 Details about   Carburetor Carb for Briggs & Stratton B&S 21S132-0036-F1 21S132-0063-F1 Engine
--
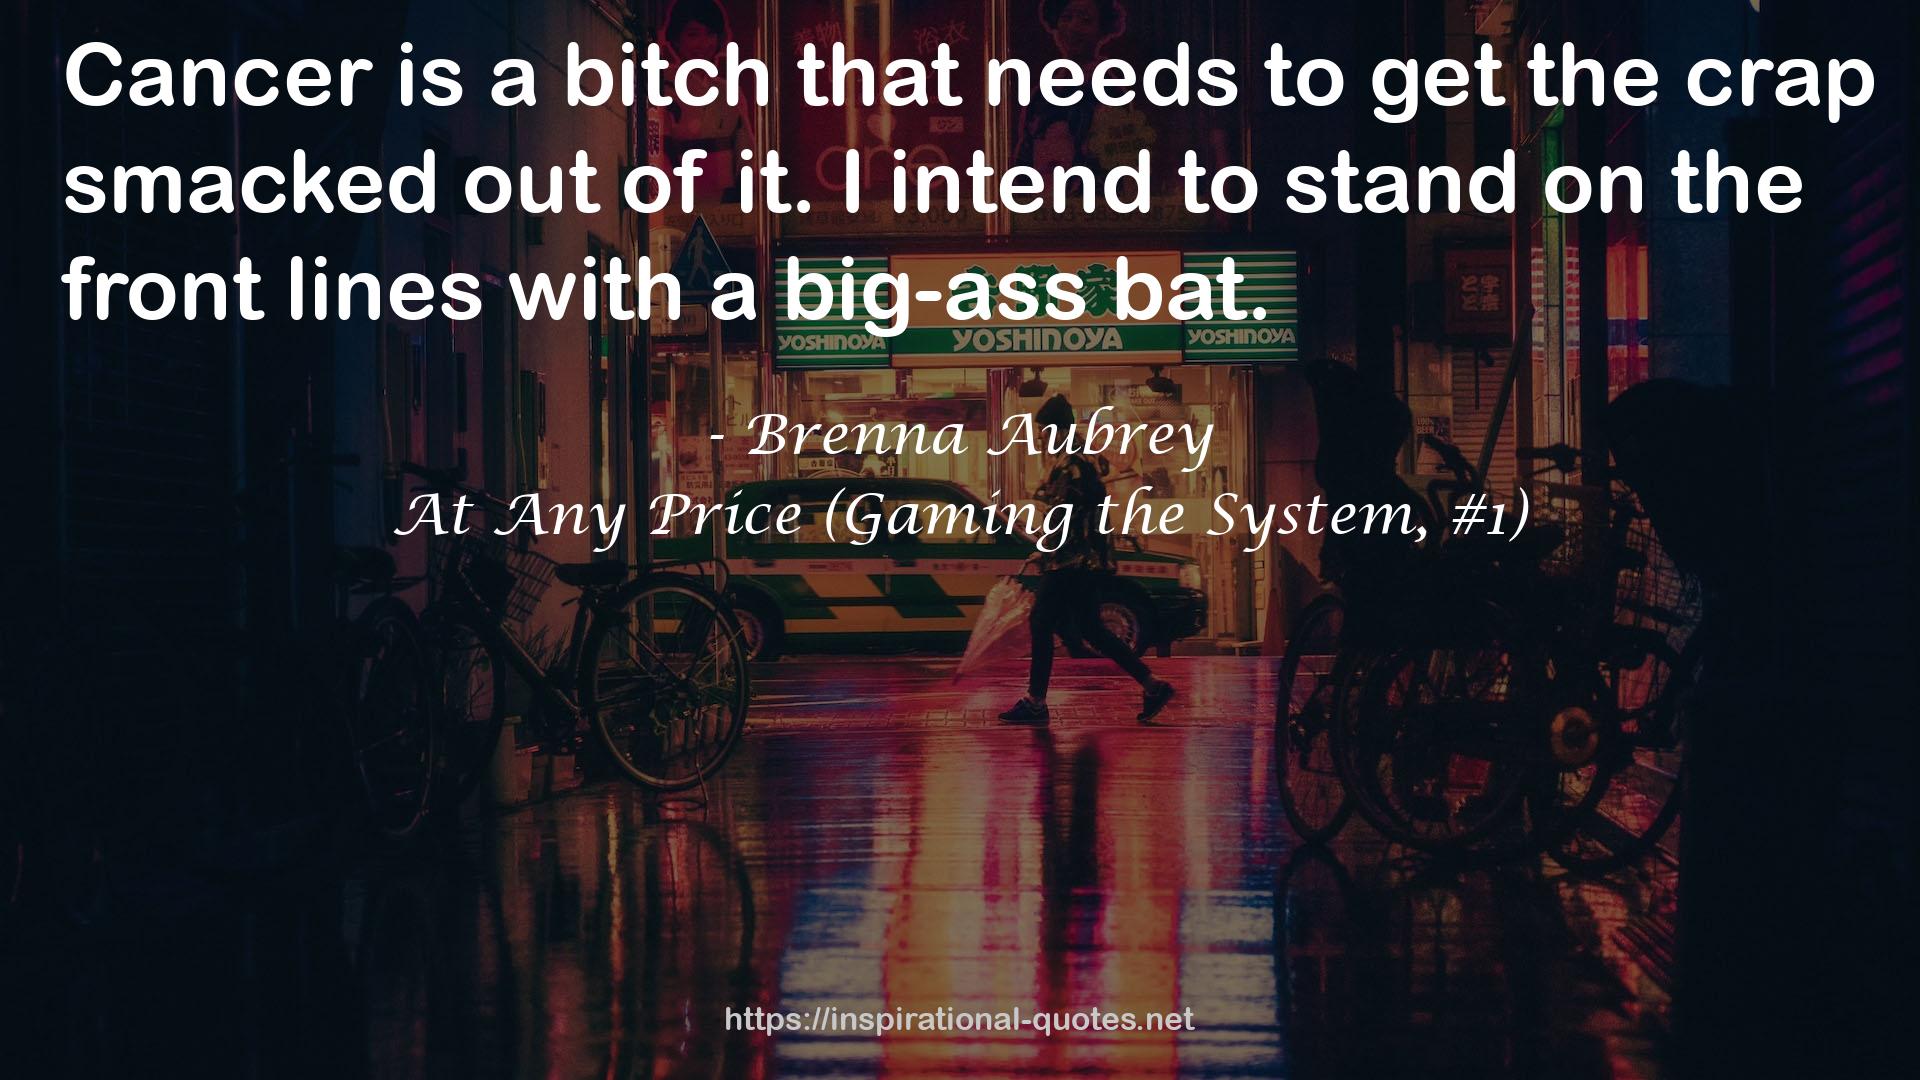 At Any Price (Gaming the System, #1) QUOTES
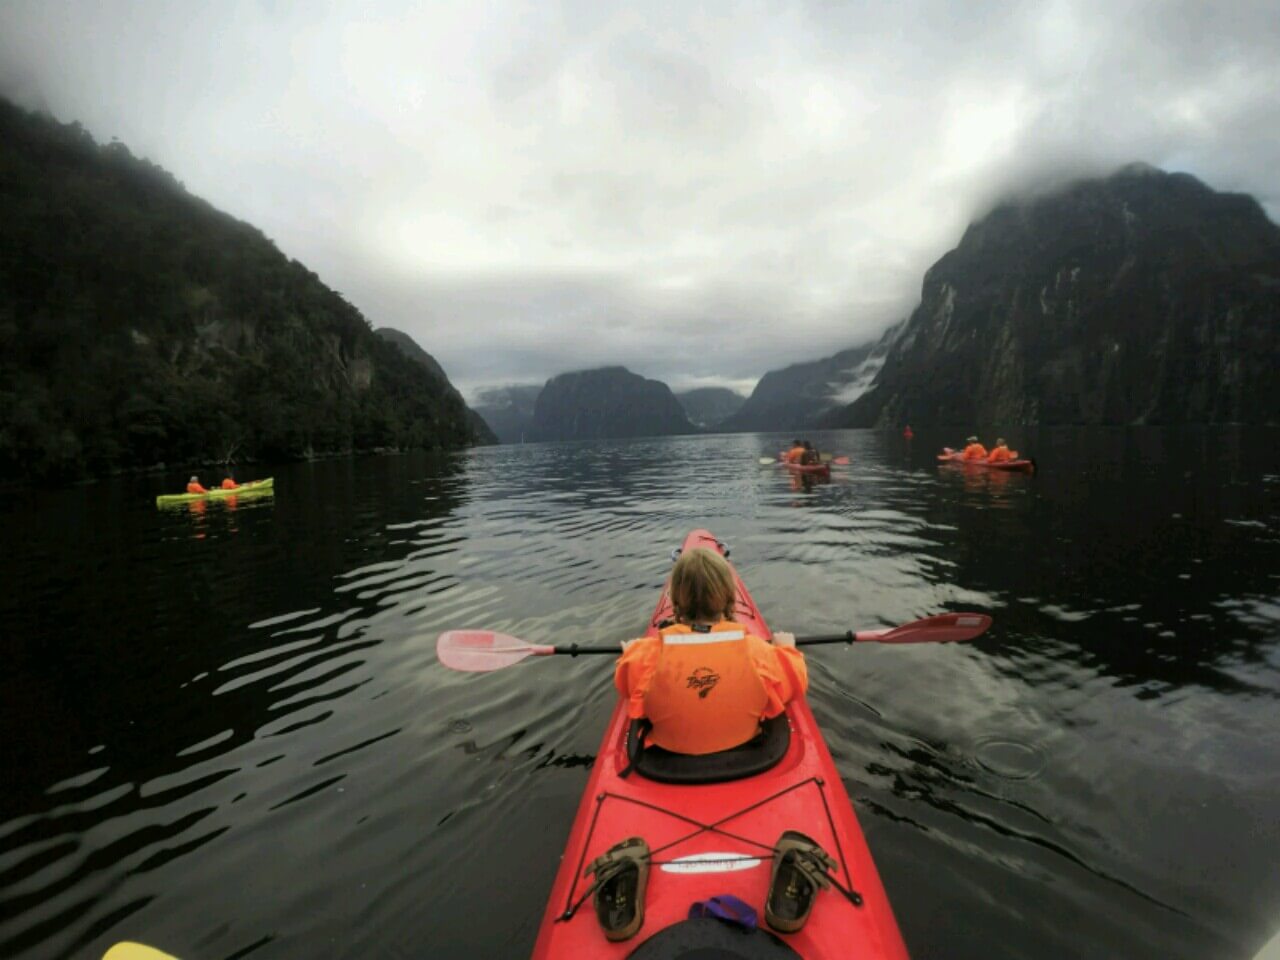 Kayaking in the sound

▶ _Goal of the exercise_
How would the lines above read from the one with "At Any Price (Gaming the System, #1) QUOTES" to the one with "Kayaking in the sound", inclusive, with no pictures? Write them out exactly.

▶ _Response area_
 At Any Price (Gaming the System, #1) QUOTES
 Kayaking in the sound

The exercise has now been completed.